Я догадывался, что сестра знакомится постепенно с историей нашей жизни без нее – и привыкает постепенно к мысли, что потеряла старшего брата, Билала.
* * *Когда печаль ночи миновала и солнце поднялось в небеса, чтобы вернуть счастье в наши сердца, мать пришла к выводу, что возвращение дочери было для нее знаком от Бога и Его благословением выйти замуж за Шир Ахмада.
Когда она сказала мне это, я успокоился – теперь охранник не мог жениться на какой-нибудь другой женщине, а я мог наконец один секрет из своего списка вычеркнуть – ну или почти вычеркнуть. Рассказывать о нем кому-то из друзей было по-прежнему нельзя, пока мы не съездили в Хаир Хана и не посвятили в него тетю.
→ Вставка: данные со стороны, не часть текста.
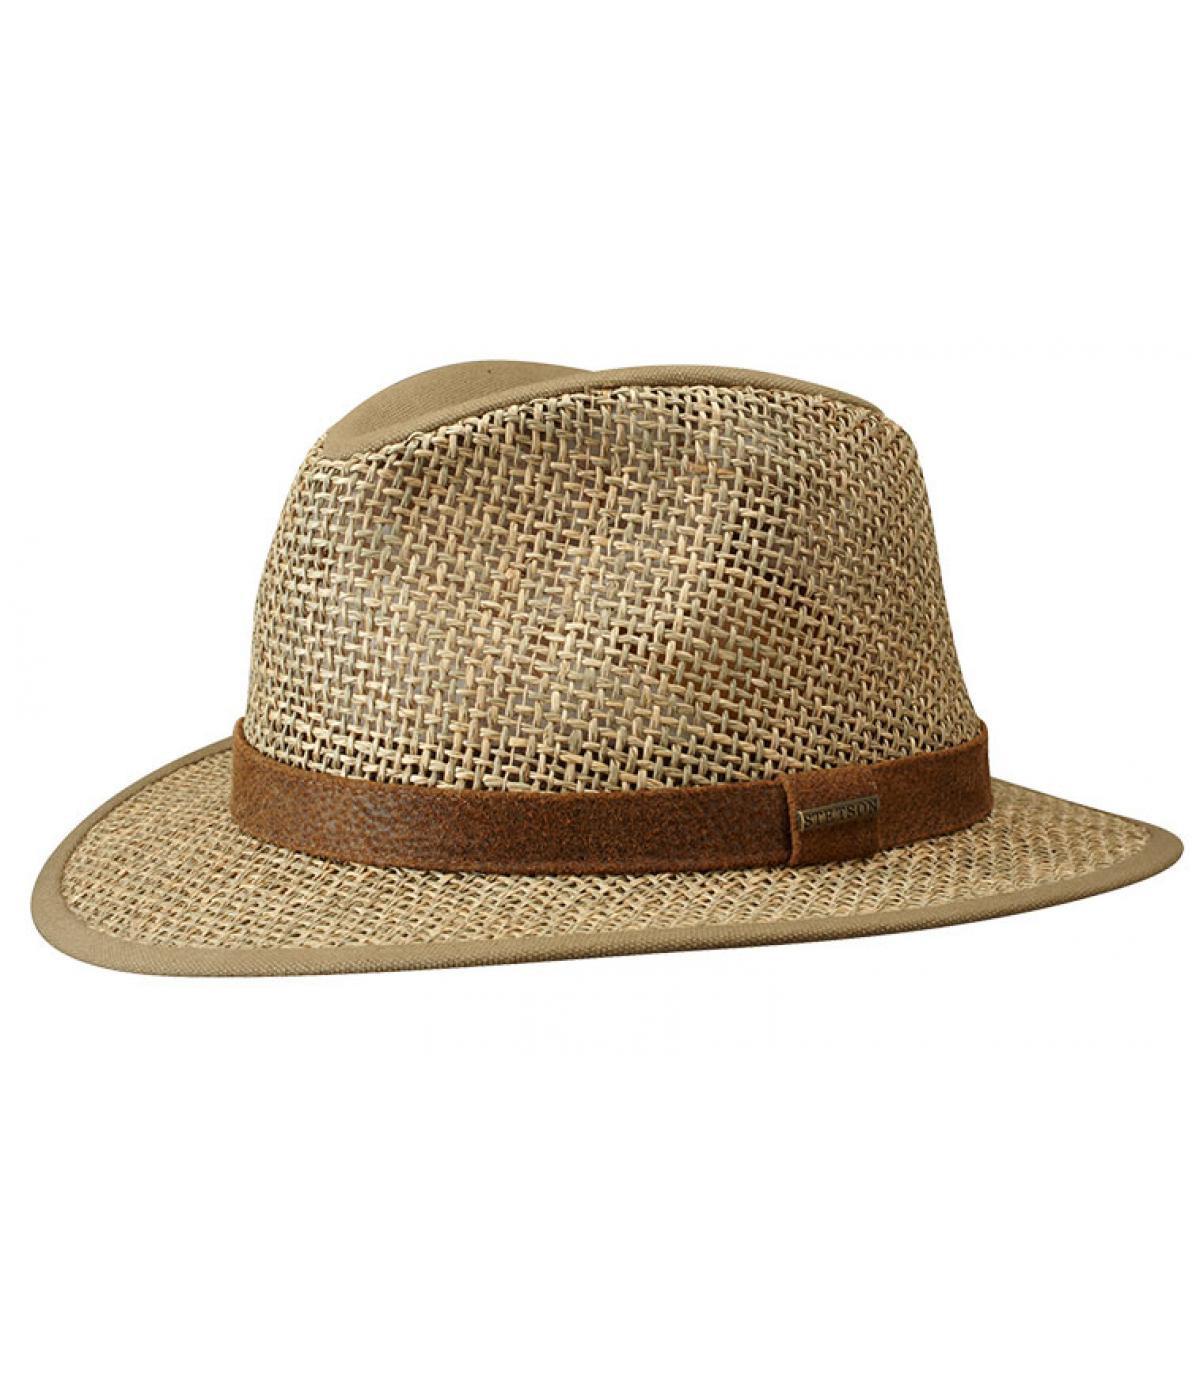 chapeau paille large bords Stetson

Мать с тетей для женщин, которые совсем недавно вида друг друга не выносили, виделись теперь, пожалуй, даже чересчур часто.
Но, конечно, на то имелись свои причины, ведь это, в конце концов, Афганистан – и правилам нужно следовать.
Так, в доме моей тети, в присутствии муллы, который молился за Спанди, моя мать и Шир Ахмад исполнили брачный обряд, неках, – трижды признав друг друга мужем и женой перед Аллахом.
Кроме святого человека, призванного проследить, чтобы они все сделали правильно, присутствовать при обряде разрешено было также моей тете и ее мужу, двум братьям Шир Ахмада и моей сестре Мине с ее мужем.
В то утро Хазрат Хусейн приехал к нам, собираясь забрать домой жену, а вместо этого получил приглашение на свадьбу.
К моему удивлению, он оказался намного выше ростом, чем мне представлялось, и лицо у него было кроткое и доброе. Рука, конечно, выглядела странновато – словно Бог приставил к телу взрослого руку ребенка, но, к счастью, она была левая, и, значит, можно было здороваться с ним не опасаясь никаких неловкостей.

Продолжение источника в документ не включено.